For, as I only felt that impression of beauty when there was imposed upon the actual sensation however insignificant, another akin to it which, spontaneously reborn in me, expanded the first one simultaneously over several periods and filled my soul, in which my ordinary single sensations left a void, with a generalising essence, there was no reason why I should not just as well receive such sensations from society as from nature, since they occur haphazard, provoked doubtless by a peculiar excitement owing to which, on days when one happens to be outside the normal course of one’s life, even the most simple things begin to cause reactions which habit spares our nervous system. My purpose was to discover the objective reason of its being exactly and only that class of sensations which must lead to a work of art, by pursuing the reflections I had been bent on linking together in the library, for I felt that the emancipation of my spiritual life was now complete enough for me to be able to sustain my thought in the midst of guests in the drawing-room just as well as alone in the library; I should know how to preserve my solitude from that point of view even in the midst of that numerous company.
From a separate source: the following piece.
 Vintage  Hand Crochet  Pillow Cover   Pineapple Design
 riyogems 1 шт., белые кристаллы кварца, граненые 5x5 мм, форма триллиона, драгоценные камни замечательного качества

Indeed, for the same reason that great events in the outer world have no influence upon our mental powers and that a mediocre writer living in an epic period will, nevertheless, remain a mediocre writer what was dangerous in society was the worldly disposition one brought to it.
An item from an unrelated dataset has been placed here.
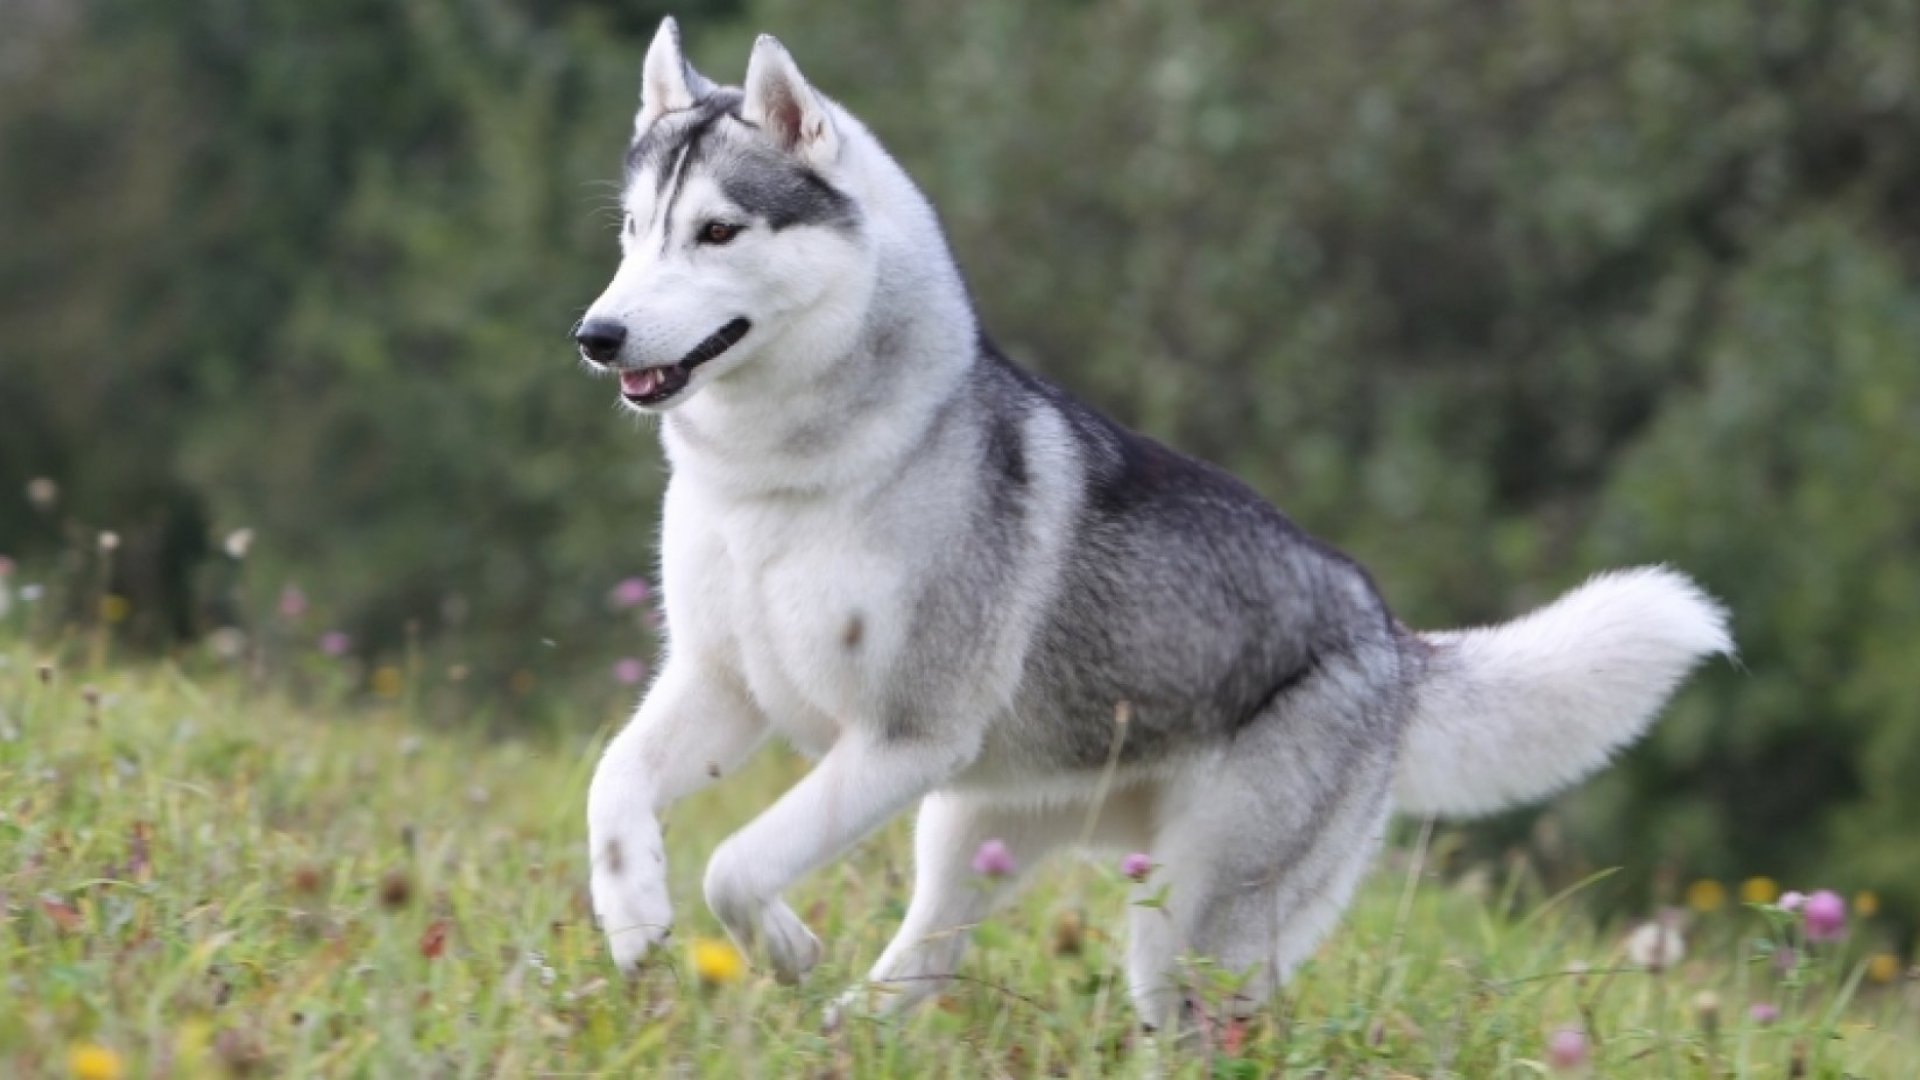 Husky ခွေးများအတွက်ပြင်ပအပူချိန်၏အန္တရာယ်များ၊ သင်သိရန်လိုအပ်သမျှ - Fumi အိမ်မွေးတိရစ္ဆာန်များ

But, of itself, it will no more make us mediocre than a war of heroes can make a bad poet sublime. In any case, whether it was theoretically advantageous or not that a work of art should be thus constituted, and awaiting the further examination of that question, it was undeniable so far as I was concerned, that when any really aesthetic intuitions came to me it had always been as a result of sensations of that nature. True, they had been rare enough in my life but they dominated it, and I could recover from the past some of those heights I had mis-takenly allowed myself to lose sight of (and I did not mean to do so again). This much I could now say, that if in my case this was an idiosyncrasy due to the exclusive significance it had for me, I was reassured by discovering that it was related to characteristics less marked yet discernible and fundamentally analogous in the case of certain writers. Is not the most beautiful part of the Mémoires d’Outre-Tombe assimilable with my sensations relative to the madeleine: “Yesterday evening I was walking alone….
I was drawn from my reflections by the warbling of a thrush perched upon the highest branch of a birch tree. At that instant the magical sound brought my paternal home before my eyes; I forgot the catastrophes of which I had been a witness and, transported suddenly into the past, I saw again that country where I had so often heard the thrush sing.” And is not this, one of the two or three most beautiful passages in the Mémoires: “A delicate and subtle odour of heliotrope was exhaled by a cluster of scarlet runners in flower; that odour was not brought us by a breeze from the homeland but by a wild Newfoundland wind, without relation to the exiled plant, without sympathy with memory and joy.
In that perfume which beauty had not breathed nor purified in its breast nor spread abroad upon its path, in that perfume permeated by the light of dawn, of culture and of life, there was all the melancholy of regret, of exile and of youth.”